>>>>
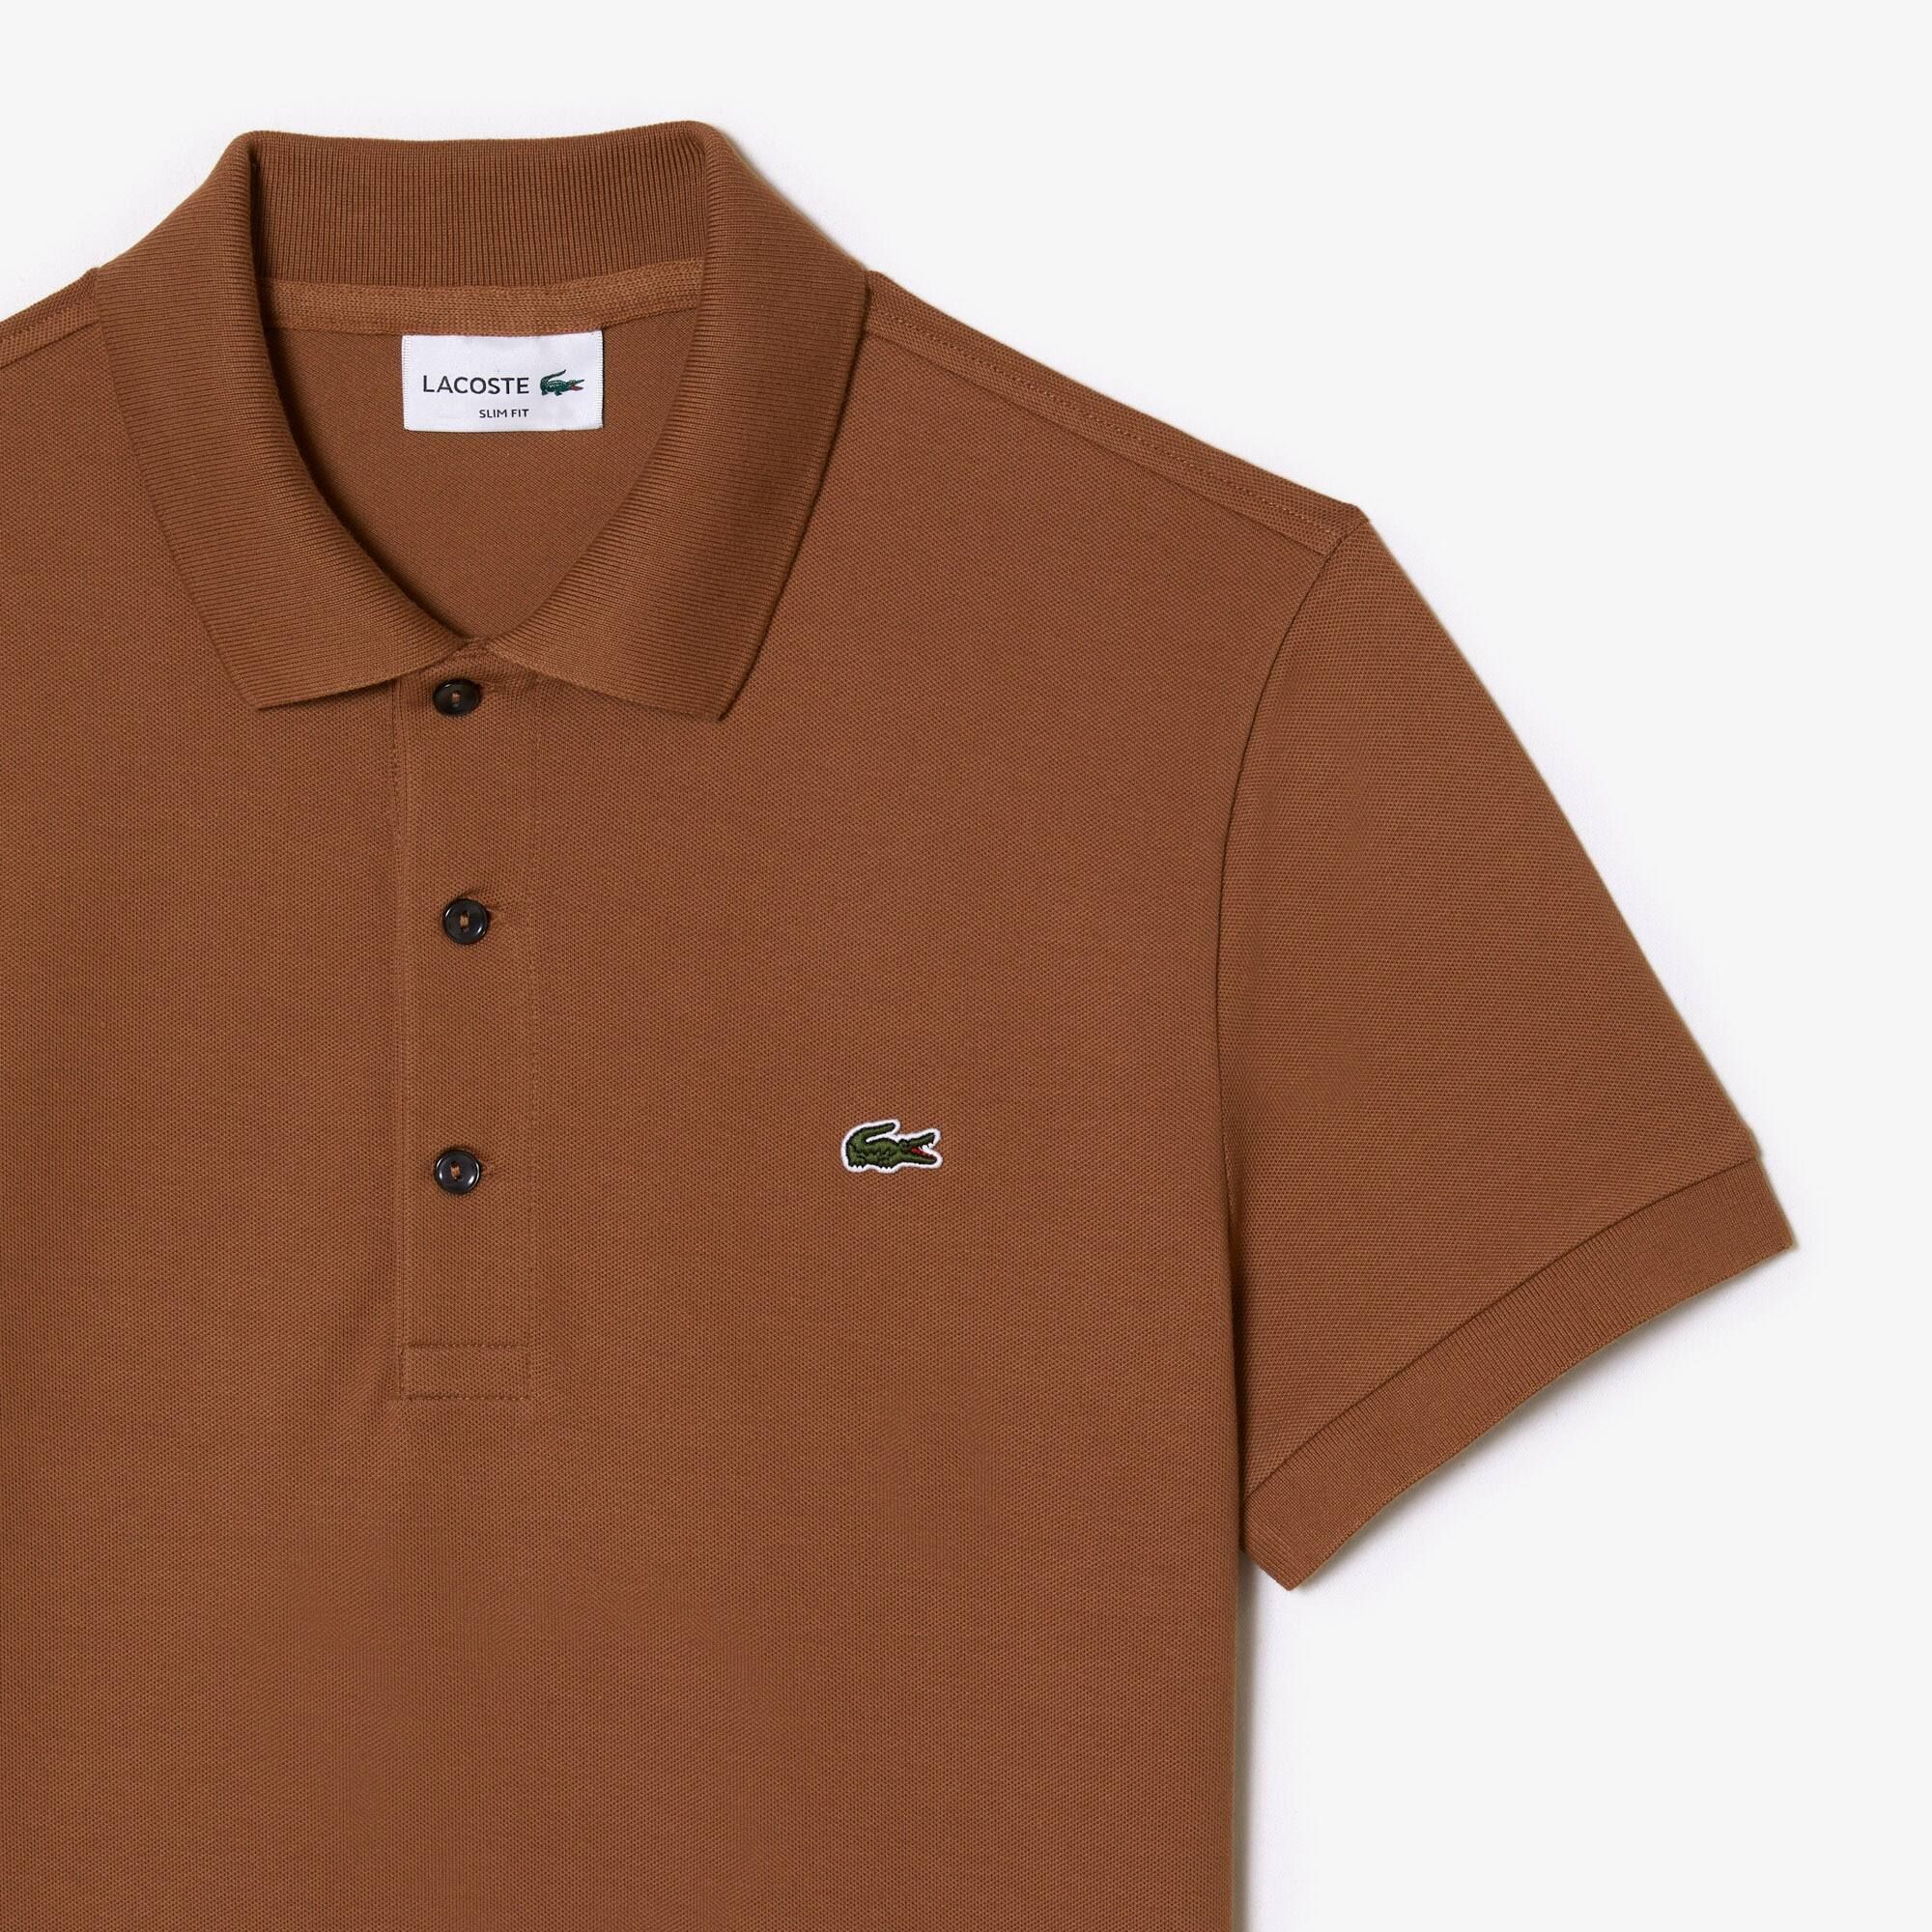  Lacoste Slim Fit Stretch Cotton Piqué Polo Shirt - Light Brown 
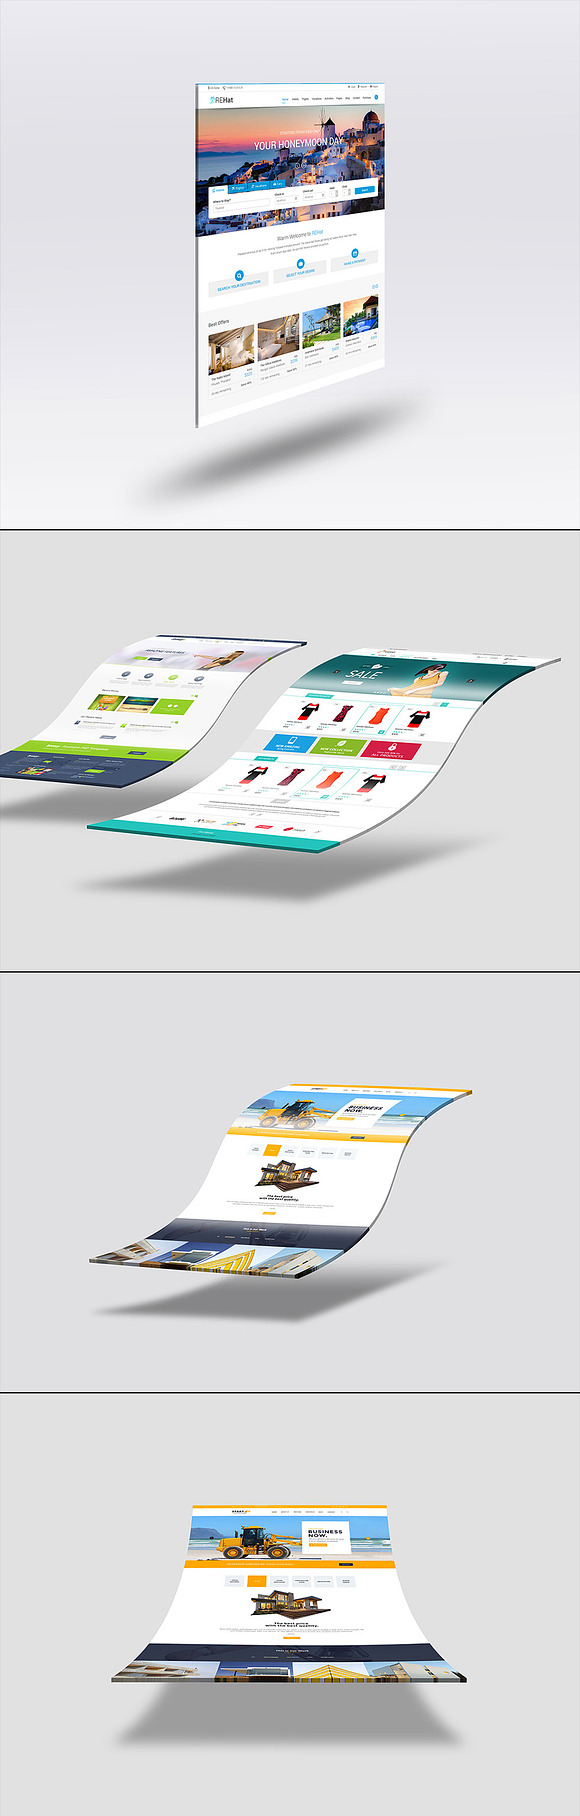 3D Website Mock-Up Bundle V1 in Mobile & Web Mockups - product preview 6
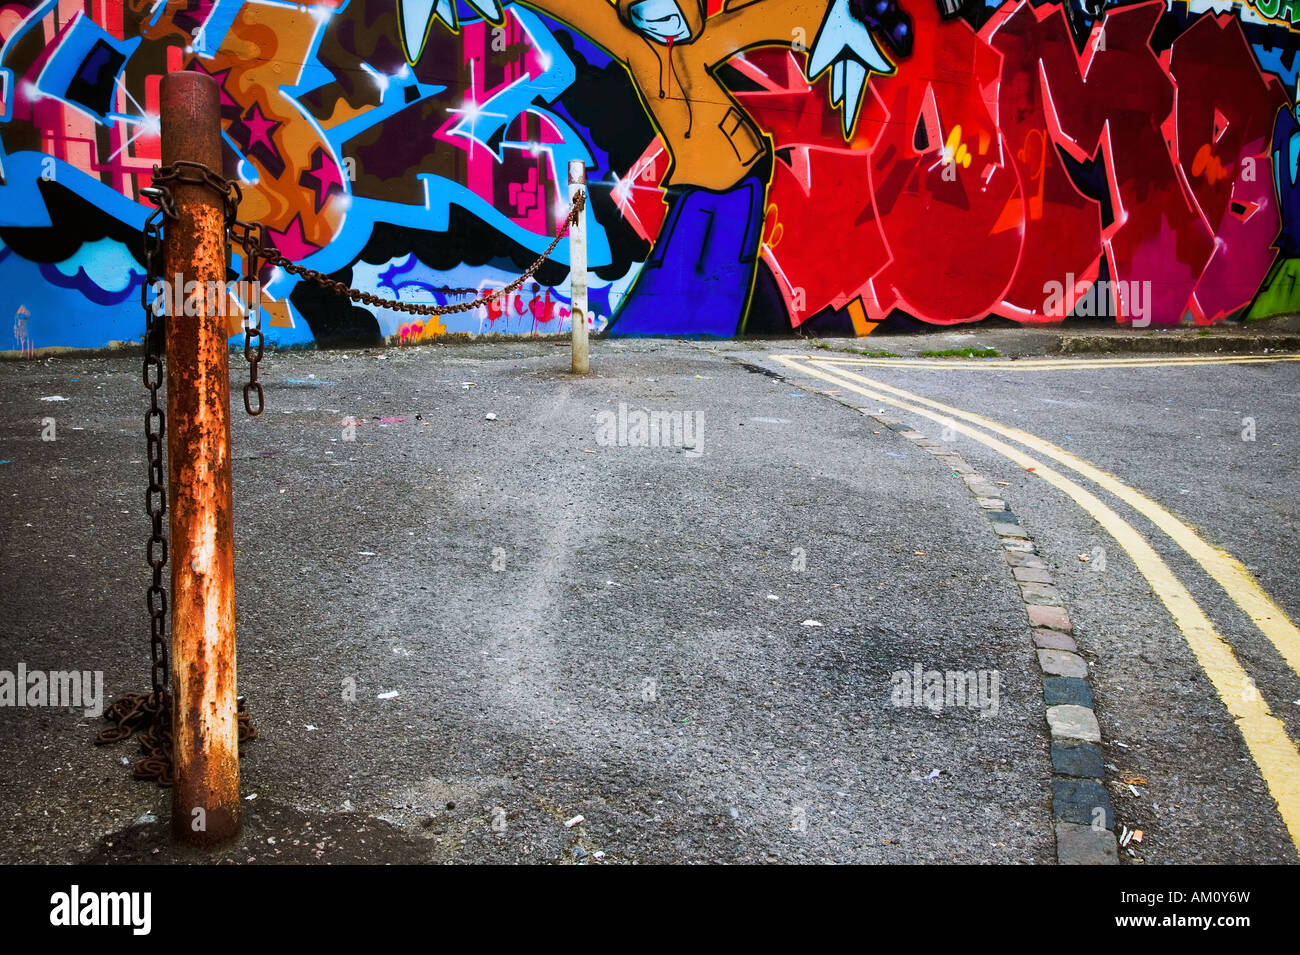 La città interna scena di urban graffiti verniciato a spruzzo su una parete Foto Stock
<<<<
● **WHAT IS EXPECTED**: A word-for-word reprint of the listing above is needed, minus the pictures.

● **RESPONSE AREA**:
  Lacoste Slim Fit Stretch Cotton Piqué Polo Shirt - Light Brown 
 3D Website Mock-Up Bundle V1 in Mobile & Web Mockups - product preview 6
 La città interna scena di urban graffiti verniciato a spruzzo su una parete Foto Stock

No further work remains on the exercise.